15 junio 2015

mi parte en otra alma



La tierra que habitara la primera obra de José Manuel Mora vista en el CDN, y que se esparcía por esta misma sala hace ahora cuatro años, se ha llenado de seres que siguen sin conservar lo que aman o amaran. Si allí era la mujer que compartes con tu hijo, en los Nadadores nocturnos y en esta Fortune Cookie, lo que no logras sigue siendo lo que perdiste. Tampoco ha cambiado el anhelo de maternidad como motor vital, el desamparo que corroe, la esperanza que riegas mientras te quedas sin agua para beber. Junto a la polifonía y el absurdo eventual que ahora se turnan la acción, el cambio principal es que el secano se ha evaporado en manos de Carlota Ferrer: el hiperrealismo de Mi alma en otra parte es hoy una coreografía donde los cuerpos que se hunden, y fugazmente se salvan, pasan por escena como si el estertor o el baile fueran tan parte del soliloquio como lo que se dice a alguien, o a uno mismo, al propio cuerpo.

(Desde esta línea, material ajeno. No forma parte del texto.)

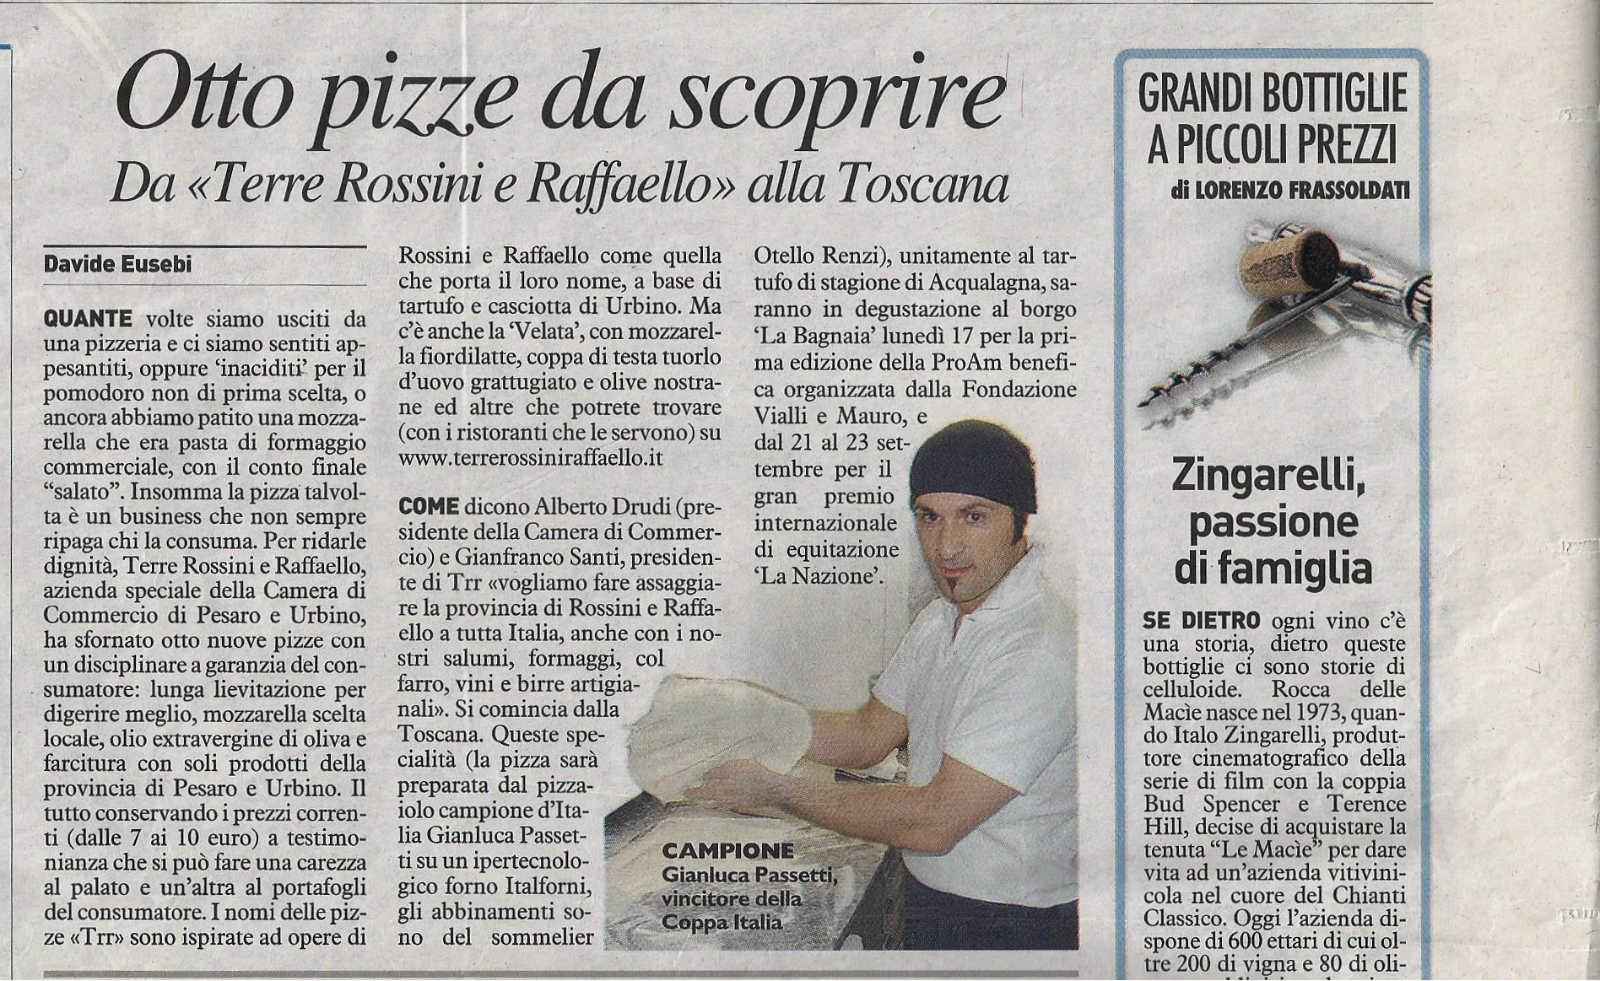 Otto pizze da scoprire. Da “Terre Rossini e Raffaello” alla Toscana.

Un otro rasgo nuevo podría ser el reverso de eso: cómo, mientras el cuerpo responde con lenguajes propios, el texto sale de la obra para pulsar continuamente su condición de artificio, para ponerse en duda. Que la protagonista de Fortune Cookie juegue a ser la distribuidora del espectáculo es menos relevante que la radiografía del sector que emana. Ya puestos a pulsar el resorte brechtiano, las pullas al tipo de teatro que la gente parece preferir suena a una forma enésimamente frustrada de maternidad: el de engendrar un público a la altura de lo que el teatro, como la política o el orden establecido en los Nadadores, podría hacer por ellos. Ya no quedan personajes –escribía Mora hace un año. Y lo que quiere decir es que acaso quedan los mismos que público exigente. Como una afirmación así merece estar bajo sospecha, ayer la sala pequeña del Valle Inclán estaba llena. Y de gente muy contenta con lo que vio.